- **WHAT THE EXERCISE ASKS**: A verbatim copy of the full data, with no pictures, is the expected answer.

- **DATA BLOCK**:
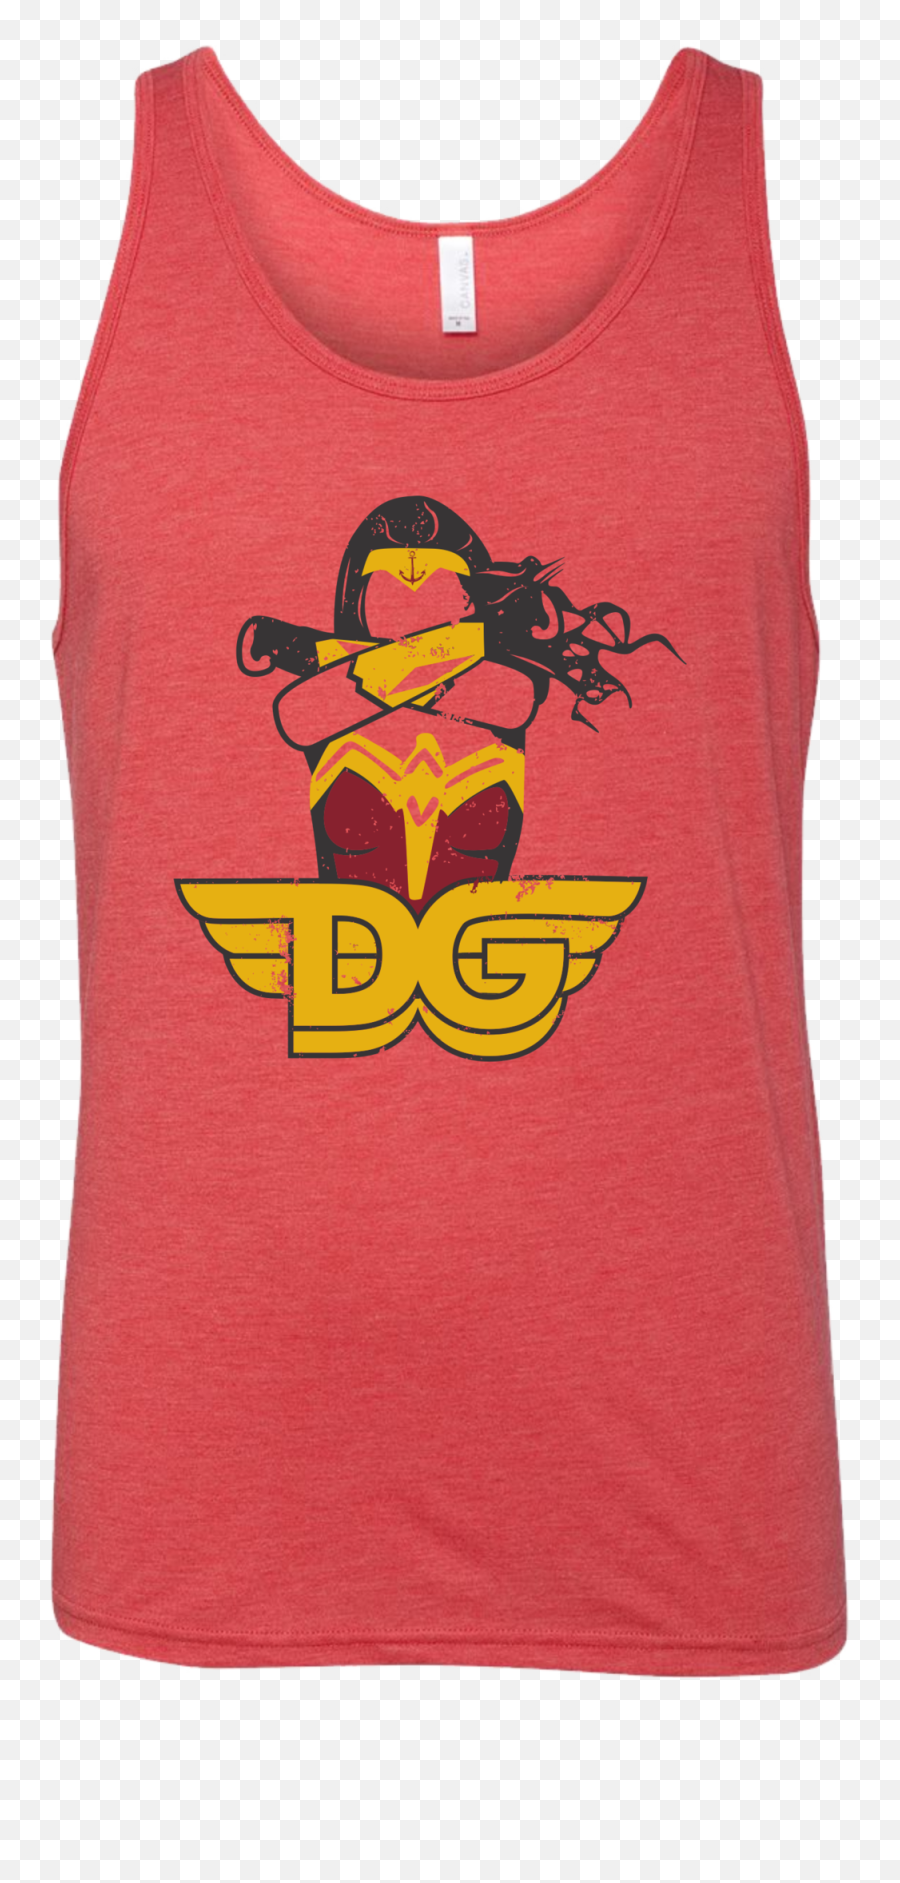 Design - Dg Wonder Woman U2014 Ib Collegiate Wonder Woman Png,Wonderwoman Png
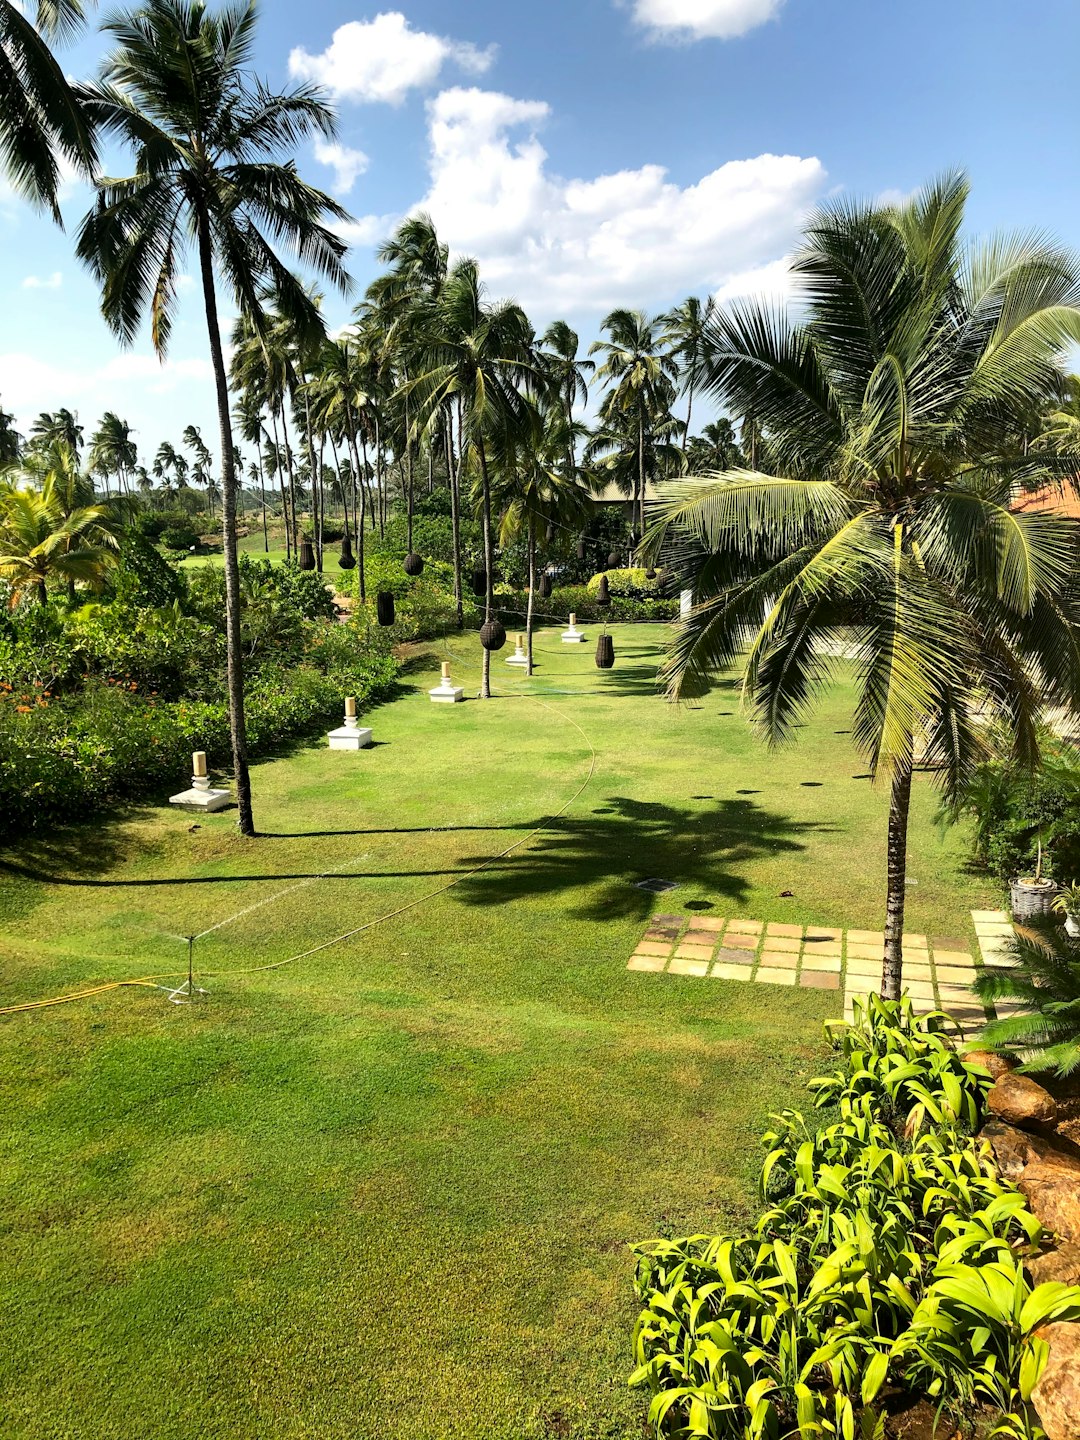 Travel Tips and Stories of Hambantota in Sri Lanka
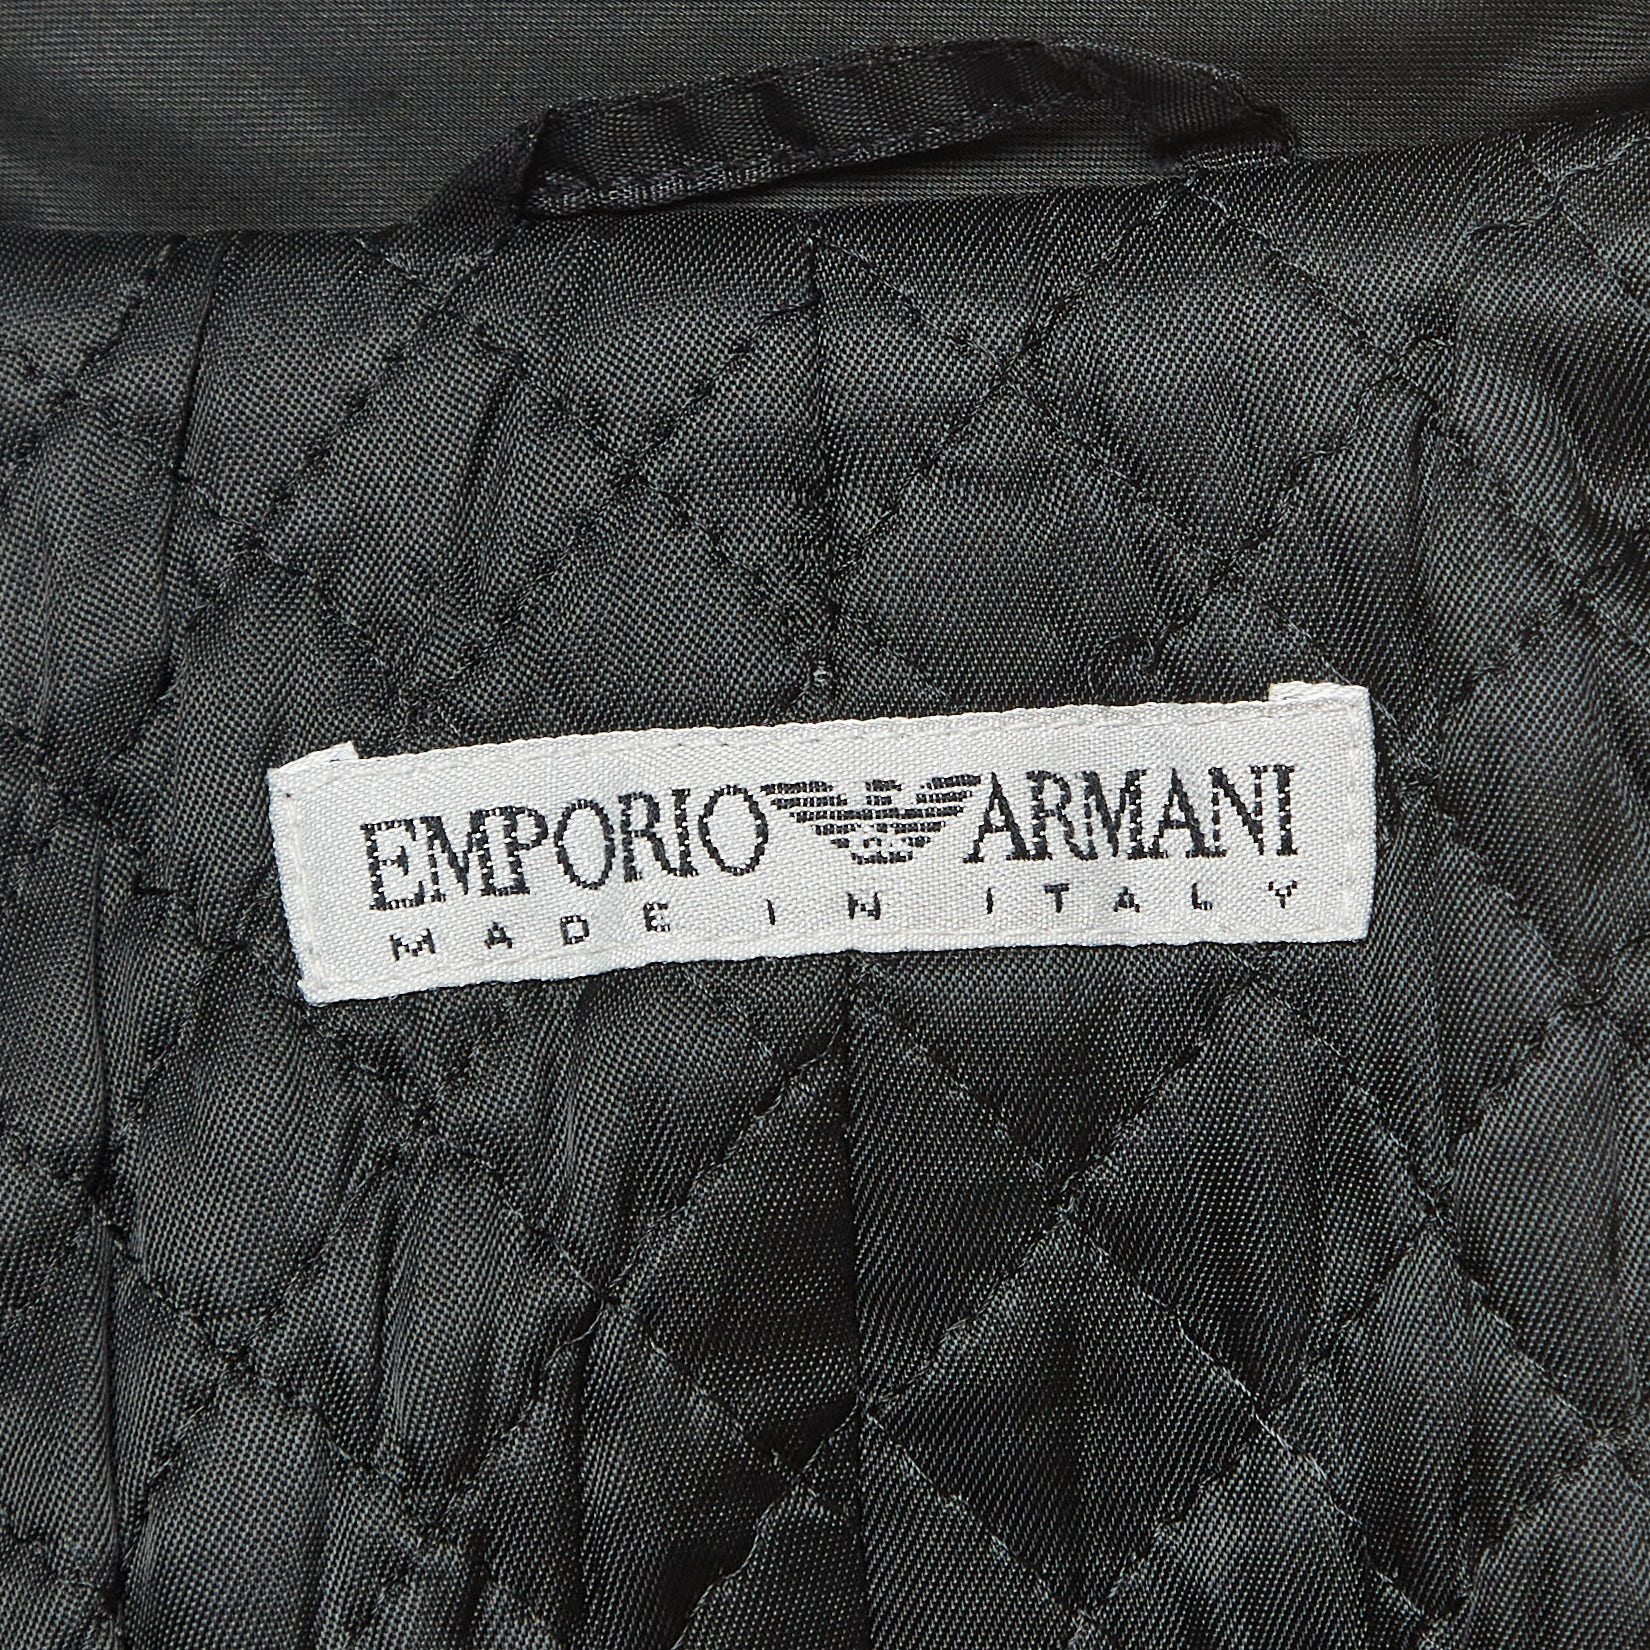 Emporio Armani Black Crepe Buttoned Jacket S
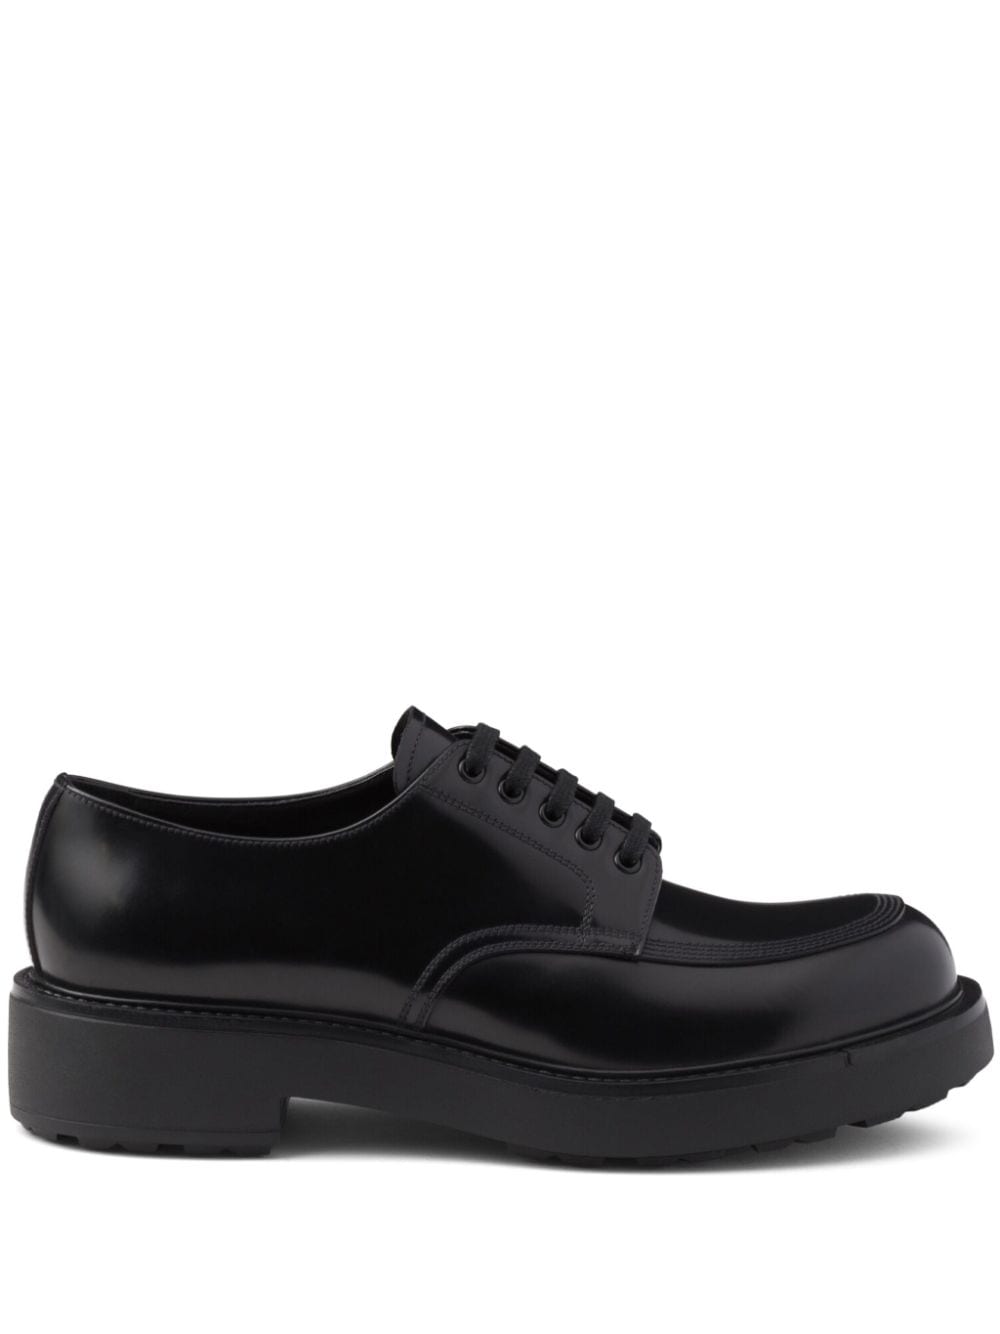 Prada brushed leather derby shoes Black

- **ANSWER SECTION**:
 Design - Dg Wonder Woman U2014 Ib Collegiate Wonder Woman Png,Wonderwoman Png
 Travel Tips and Stories of Hambantota in Sri Lanka
 Emporio Armani Black Crepe Buttoned Jacket S
 Prada brushed leather derby shoes Black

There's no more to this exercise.